- Abbreviation: SNP
- Leader: Wavel Ramkalawan
- Secretary-General: Nicholas Prea
- Founder: Gérard Hoarau
- Founded: 1994
- Dissolved: 21 September 2021
- Merged into: Linyon Demokratik Seselwa
- Headquarters: Victoria
- Newspaper: Regar
- Ideology: Liberalism
- Political position: Centre
- International affiliation: Africa Liberal Network
- Colours: Green

Website
- www.snpseychelles.sc

= Seychelles National Party =

Political party in Seychelles

The Seychelles National Party (SNP) was a liberal political party in Seychelles. Its followers emphasized active multiparty democracy, respect for human rights and liberal economic reforms. It was founded in response to what it called the "totalitarian regime" of former President France-Albert René. It published a newsletter called Regar, which is frequently sued for libel by government officials. On Regar's front page of every issue is a quote from the constitution of Seychelles invoking their right to freedom of speech and freedom of expression.

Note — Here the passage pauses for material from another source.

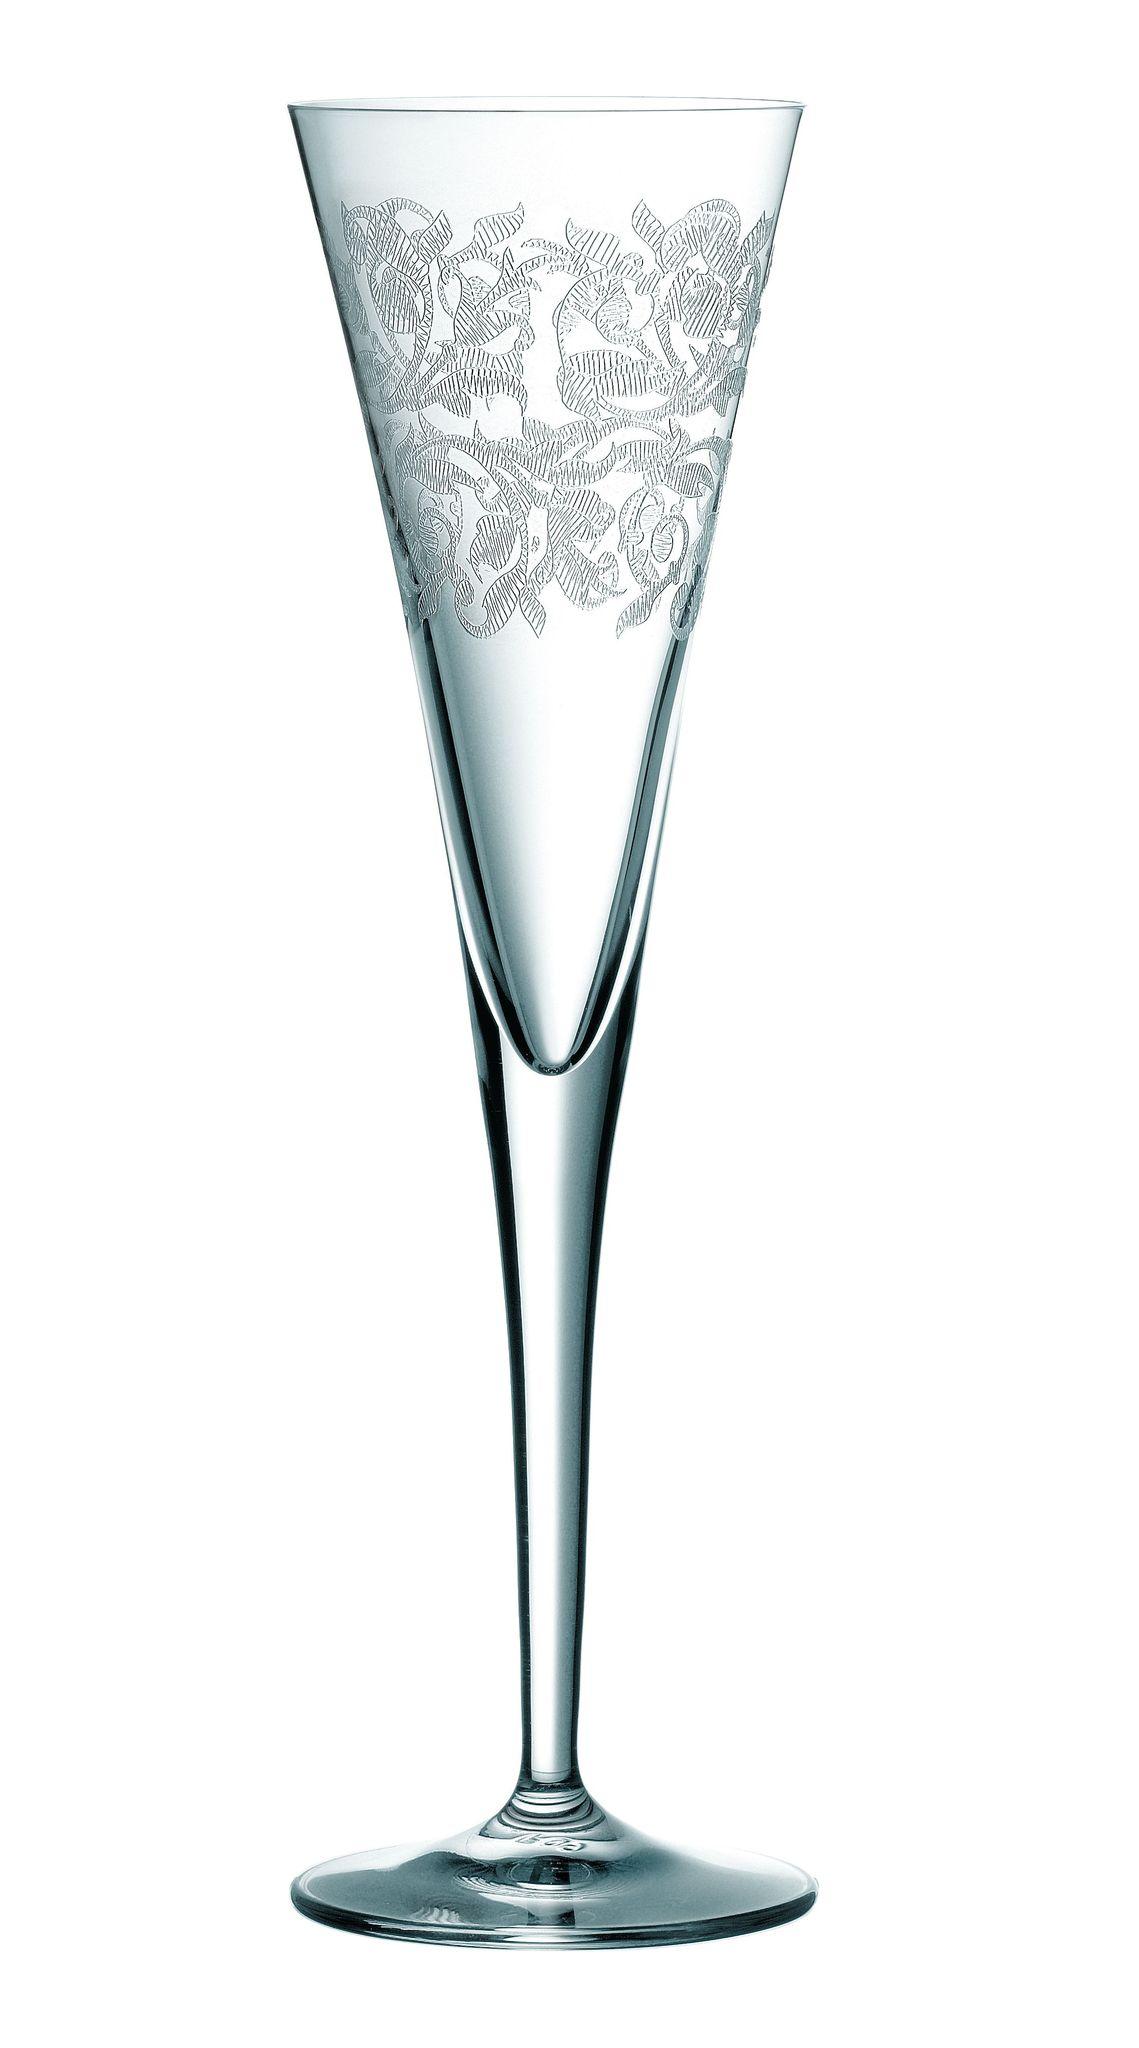 Бокалы Бокал для шампанского 165мл Nachtmann Delight Design 4 bokal-dlya-shampanskogo-165ml-nachtmann-delight-design-4-germaniya.jpg

The SNP was formed by the merger of three separate opposition parties in 1994: the Seychelles National Movement, led by Gérard Hoarau; the National Alliance Party, led by Philippe Boullé (an independent presidential candidate in the 2001 presidential election); and Parti Seselwa, led by Wavel Ramkalawan.

Ramkalawan, an Anglican priest, is the SNP's current leader. He won 44.9% of the vote in the 2001 presidential election, behind René (54.2%) and ahead of Boullé (0.9%). At parliamentary elections in December 2002, the SNP won 42.6% of the vote and 11 seats out of 34. Seven members were directly elected and four were chosen by proportional representation.

The July/August 2006 presidential elections gave James Michel of the SPPF 54% of the votes and Wavel Ramkalawan 46% of the votes. The last Presidential elections held in December 2015 saw SNP achieving only 35% of the popular votes in the first round. It joined with other smaller political parties under the banner of Union for Change to contest the second round of the Presidential Elections. The Union achieved 49.85% of the popular votes leaving the incumbent President James Michel to claim a slim victory.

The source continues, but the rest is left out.